The incidence of heterotopic mucosa in cases with MD varies between 15%-50% [9]. Shalaby, et al. [13] reported that the incidence of diverticular heterotopic gastric mucosa in symptomatic patients was 77, 8%. It is reported that heterotopic mucosa in symptomatic patients is much higher than in patients with asymptomatic MD. In the symptomatic patients, ectopic mucosa is present in 61% - 80% of cases and in only 13%-30% of incidental cases [9]. In our case, our patient was symptomatic, had gastrointestinal bleeding and ectopic gastric mucosa.

Park, et al. [17] reported the Mayo clinic experience with 1476 patients with Meckel’s diverticulum. The study included children and adult and did not specifically define the approach of operation. Post-operative complication in the most of 100 resected diverticulums were 13% in symptomatic group and 20% in asymptomatic group It is reported that the rate for postdiverticulectomy adhesive intestinal obstruction could be as high as 10% to 15% in children [18]. Intraoperative complication after laparoscopic assisted diverticulectomy was never reported in the literature. Sai Prasad, et al. [19] reported 8% of patients had intestinal obstruction after the operation. He suggested that the adhesion is secondary to ischemic bowel after release of the obstruction. Other studies did not show any intestinal obstruction post-operatively [20]. They all concluded laparoscopic assisted Meckel’s diverticulectomy was safe and feasible with good outcome. Our patient in the case report had excellent outcome and had no complications.

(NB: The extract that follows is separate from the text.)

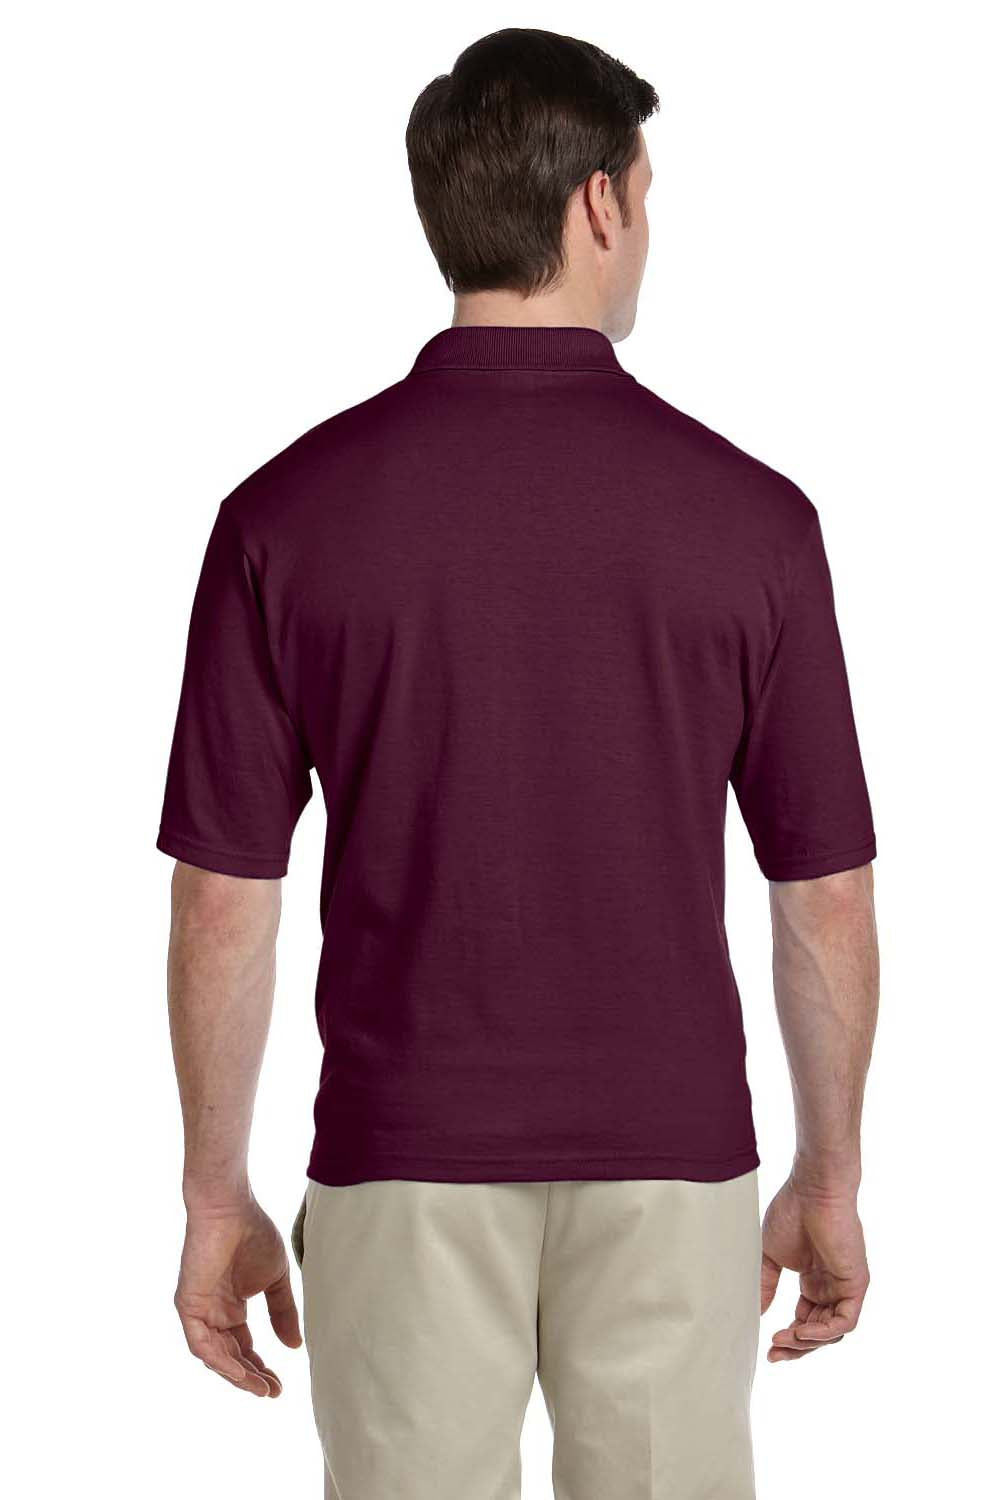 Jerzees 436P Mens SpotShield Stain Resistant Short Sleeve Polo Shirt w/ Pocket Maroon Back

Laparoscopic-Assisted Transumbilical Extracorporeal Meckel’s Diverticulectomy performed without the use of expensive laparoscopic staplers is manually made anastomosis is a simple, safe, effective, and economic procedure which achieves a better cosmetic outcome.

Complete excision of the diverticulumand the adjacent intestine containing ectopicmucosa is essential to minimize the chance of recurrence.